Records for the task ▸
***
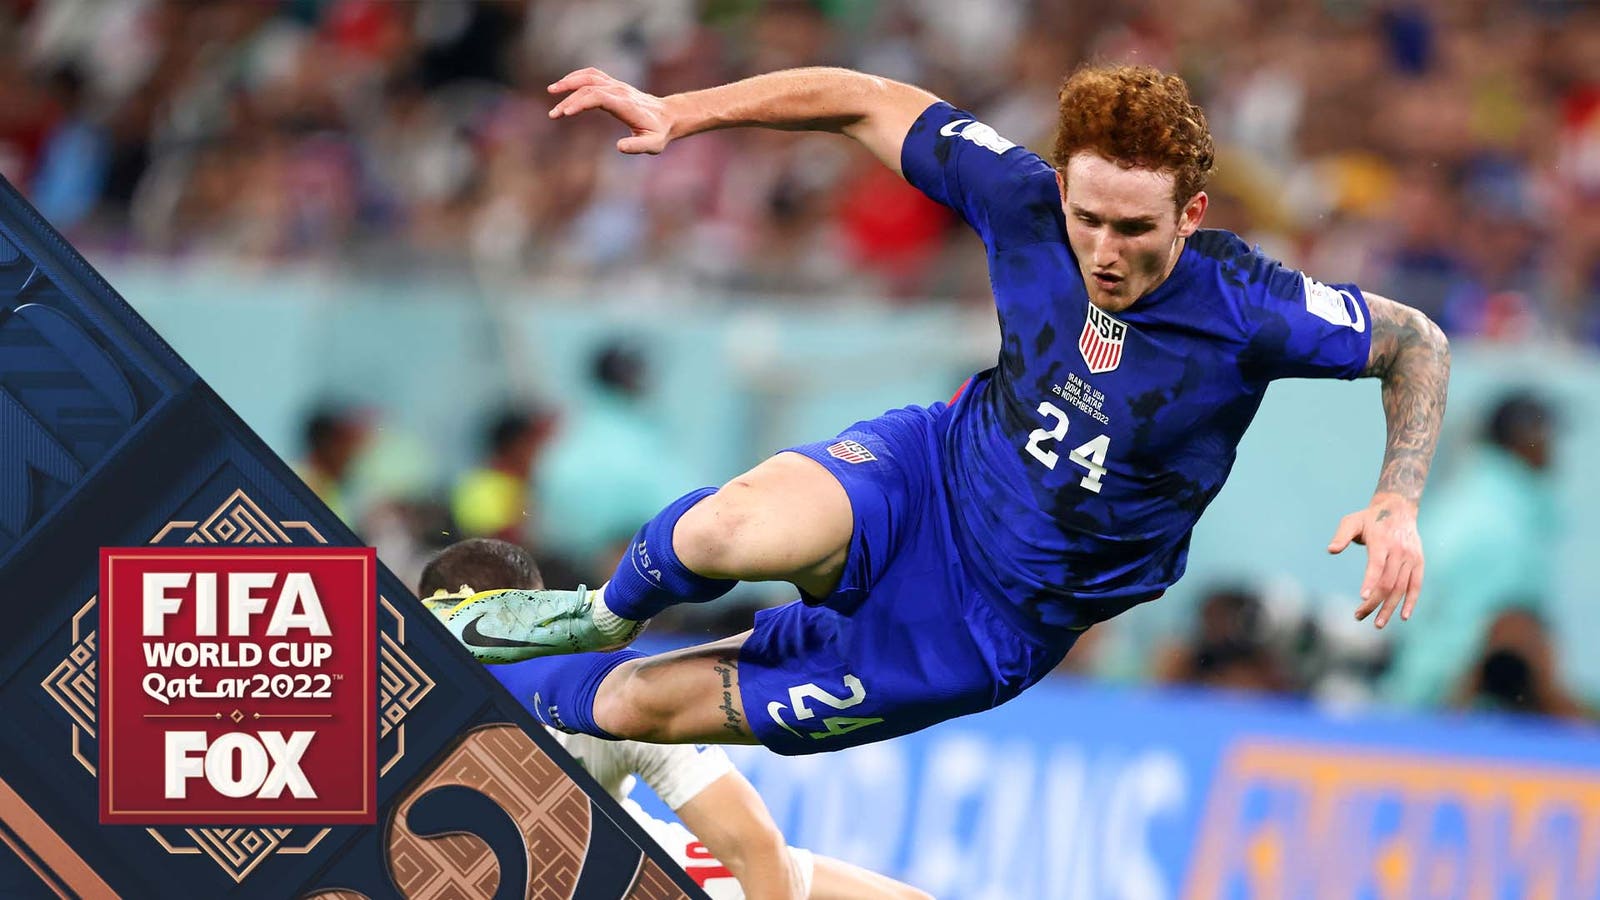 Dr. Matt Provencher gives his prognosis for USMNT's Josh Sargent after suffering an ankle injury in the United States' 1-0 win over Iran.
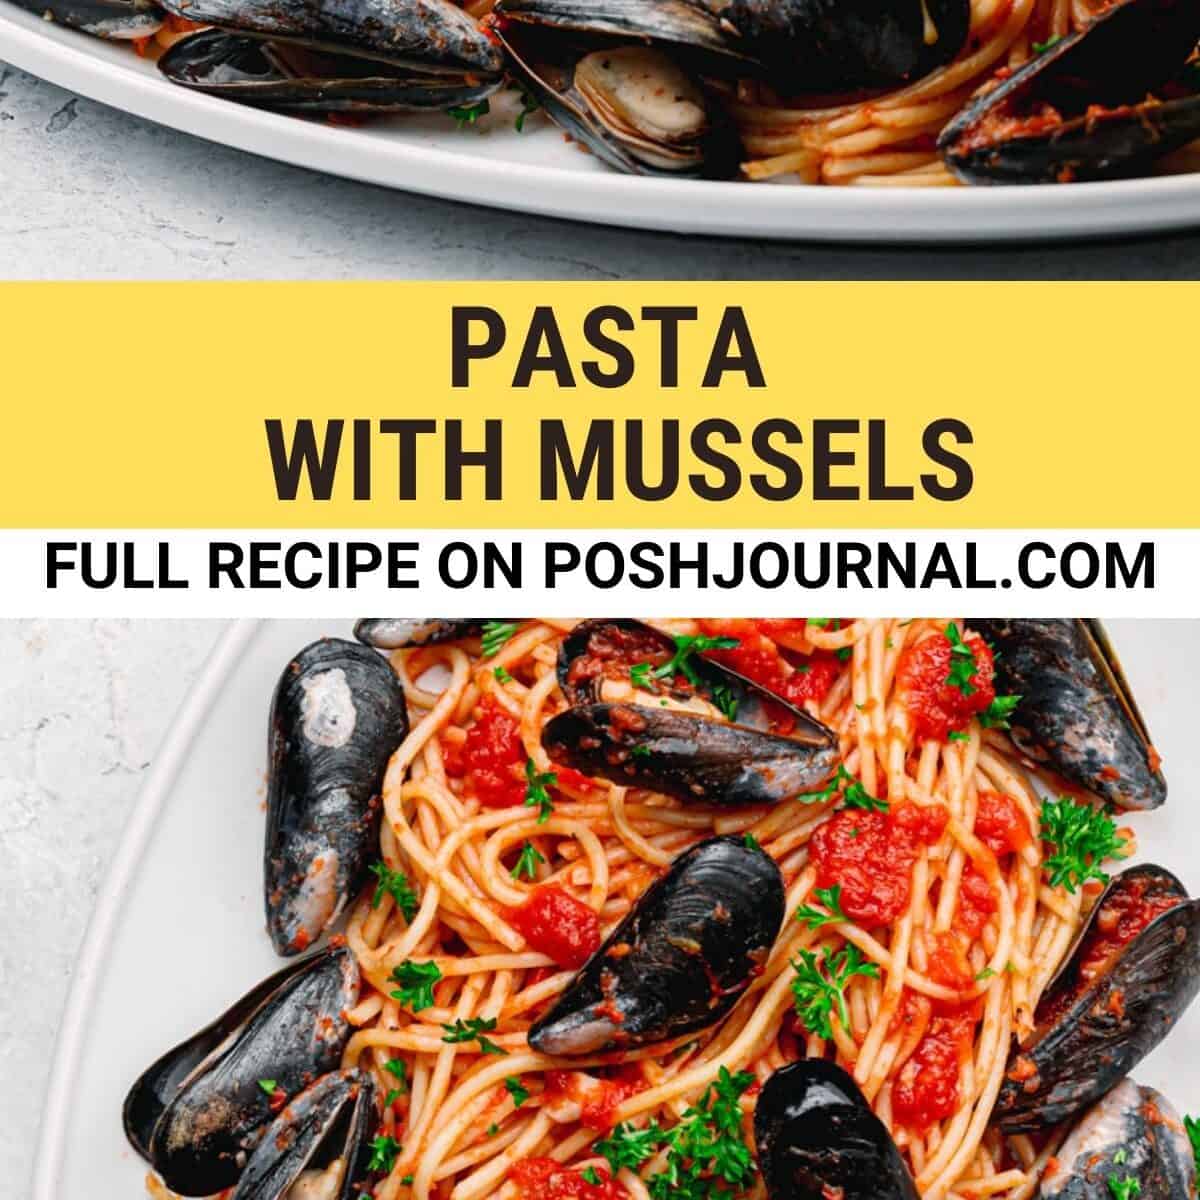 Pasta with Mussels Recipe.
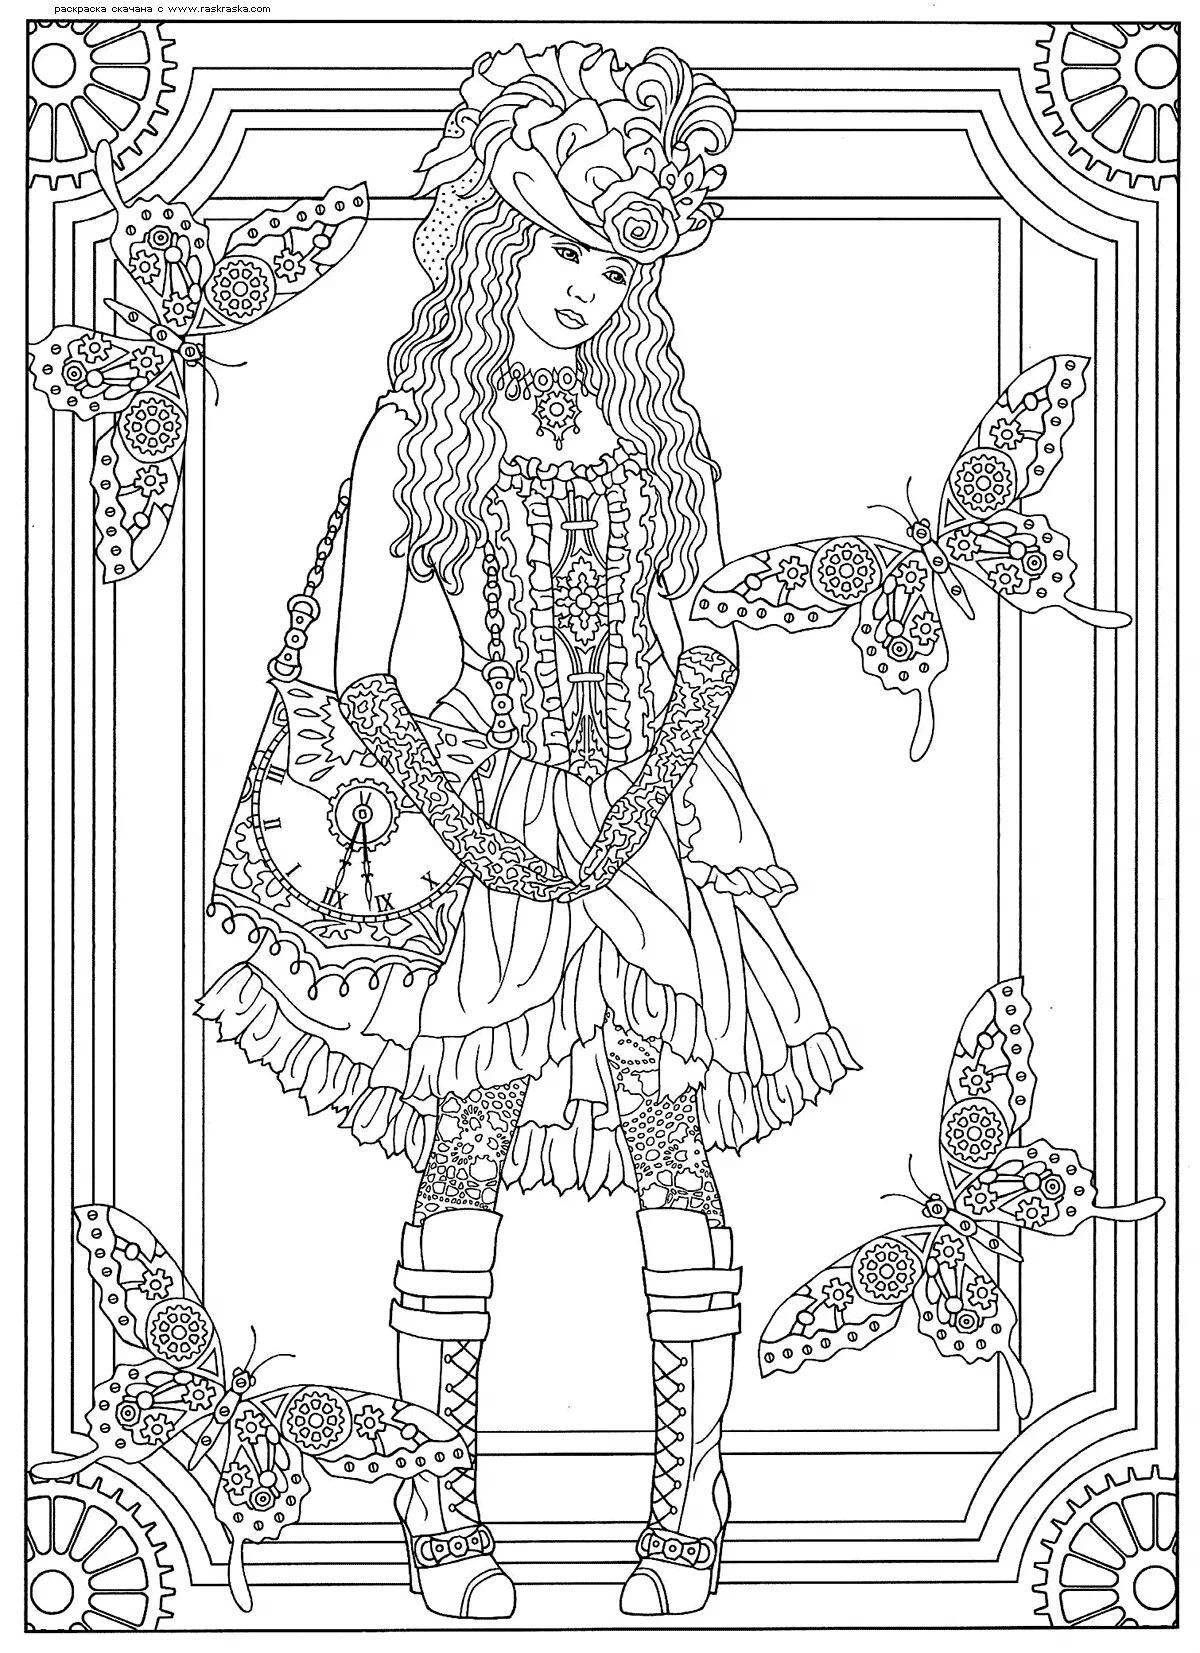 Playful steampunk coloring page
***
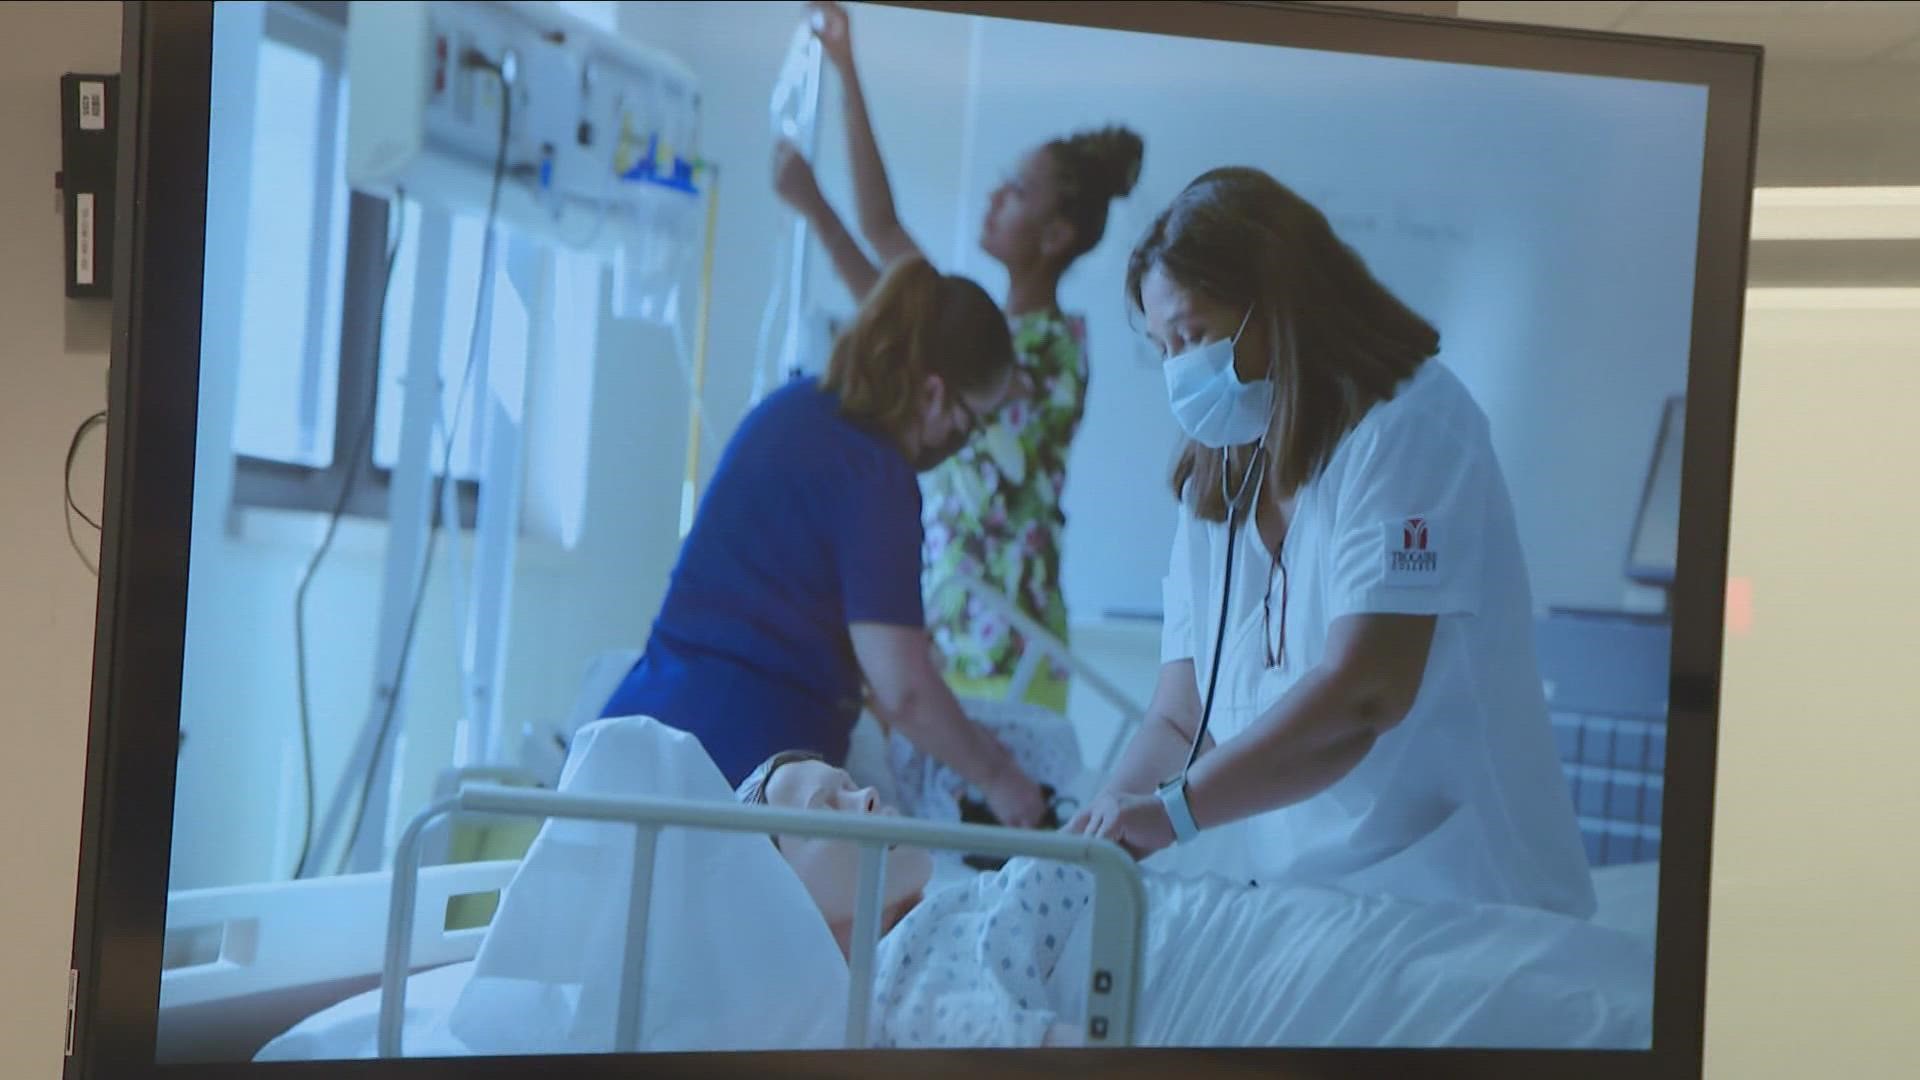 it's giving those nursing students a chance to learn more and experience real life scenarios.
***
Goal of the exercise ▸ From the listing above, please give again the lines that begin with the line holding "Dr. Matt Provencher" and go on through the line holding "Playful steampunk coloring page", exactly, both ends included, minus any picture.

The answer ▸
 Dr. Matt Provencher gives his prognosis for USMNT's Josh Sargent after suffering an ankle injury in the United States' 1-0 win over Iran.
 Pasta with Mussels Recipe.
 Playful steampunk coloring page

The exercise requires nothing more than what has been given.